At Least I’m Not Dead

This is the level of my gratitude today. Last night I got zero winks of sleep. Not a one. Caught no zs and my sheep count was perpetually on zero. The big issue was that while I finally went to the doctor for my cough I wasn’t prepared for the acid reflux or the reality that one of the meds I got was a steroid and that taking it right before sleep would do nothing.

So, here I am in the early, early morning hours trying to find something in life to be grateful for. All I want to do is figure out a way to sleep, but whenever I lay down I am either coughing because of allergies or because of acid reflux, and then there’s the burning, searing pain, and the only relief for the allergies is a steroid that makes it so I can’t sleep.

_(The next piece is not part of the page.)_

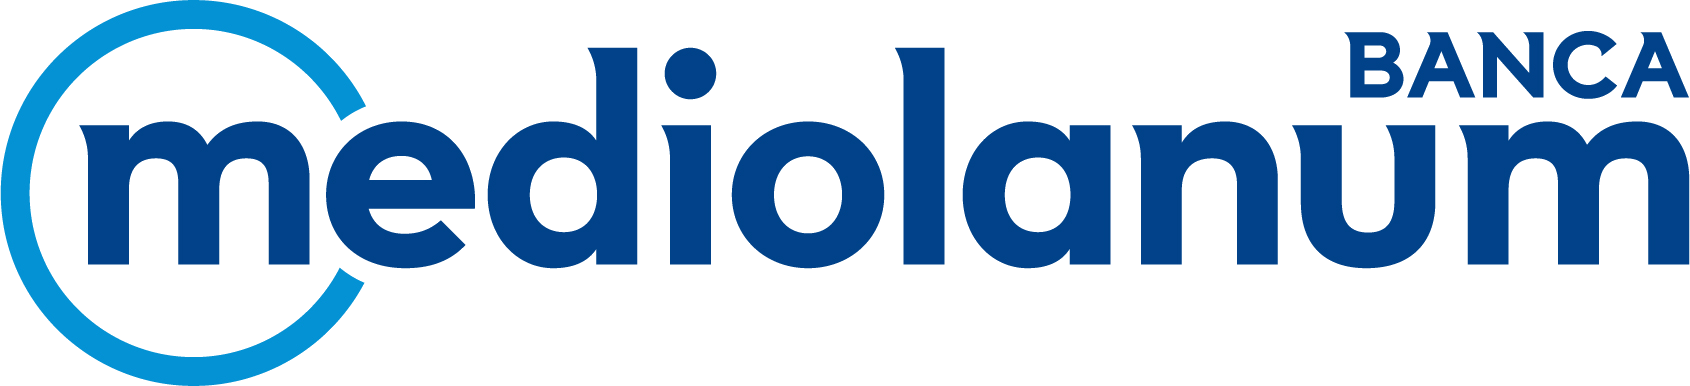 Banca_Mediolanum_Logo_2015
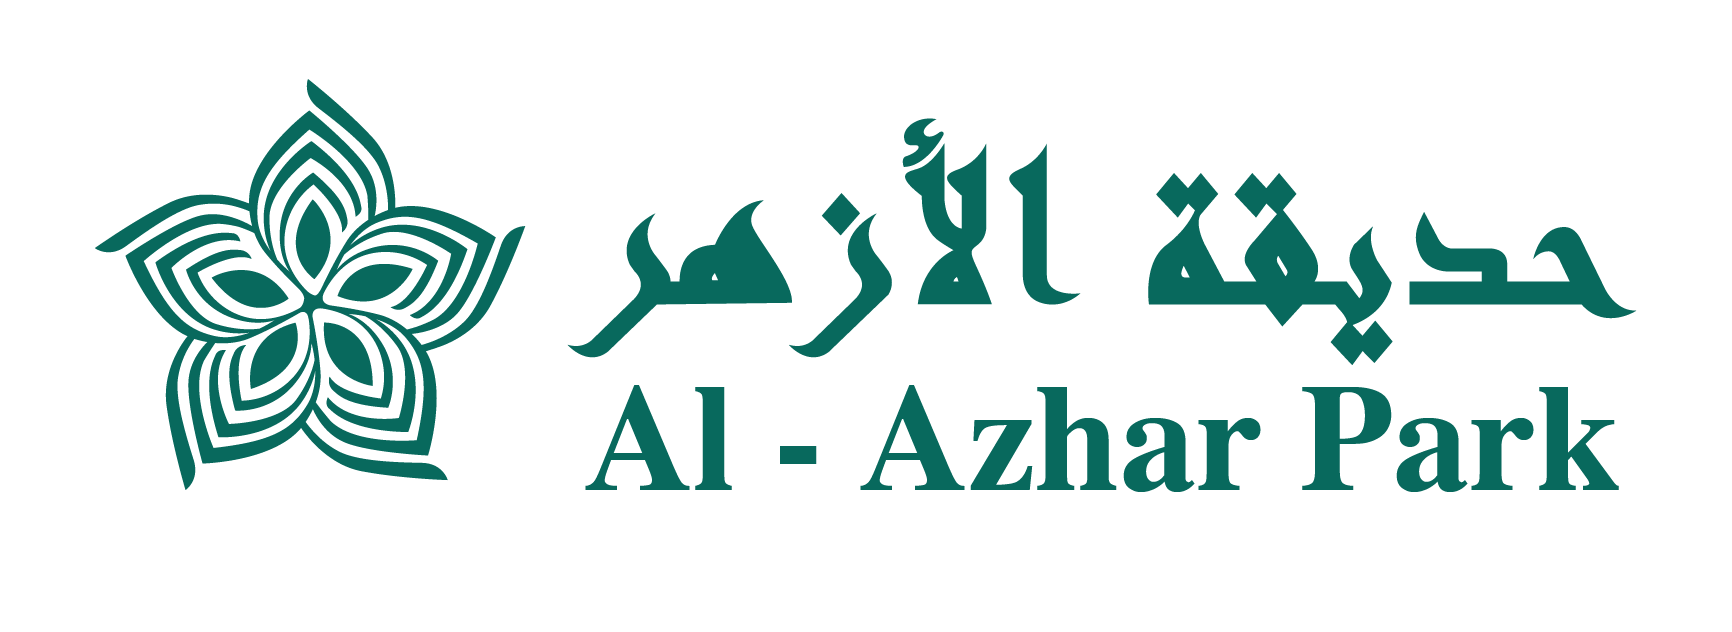 Al-Azhar Park logo

This is not the day for this to happen either. Thursdays are the day my wife has her meeting. I did refill the kids prize bucket at their request to hopefully motivate them to complete the task they are struggling with. It was fully their idea. I wasn’t even thinking about it, but then one of them mentioned it and it sounded like a good idea.

All in all yesterday was a good day. I saw a couple hundred years old doctor that asked me the color of my phlegm and then prescribed me some leeches, I took one of the boys to get a haircut and then into Target, and I got some good reading time in.

I have also discovered a new feature on my phone. When someone calls and I can’t answer the phone will take a message and transcribe it to me. Far more people have been leaving me messages this way instead of voicemail and it makes it a lot easier to send these messages out to my team to help solve client problems.

There are things other than being alive to be grateful for. Sometimes you just have to dig a little. The immediate condition of having gotten no sleep weighs on my mind and has me troubled for the day ahead. I have too many things I have to do that require a rested mind. I might have to make those wait while I try and work my way through today as best I can.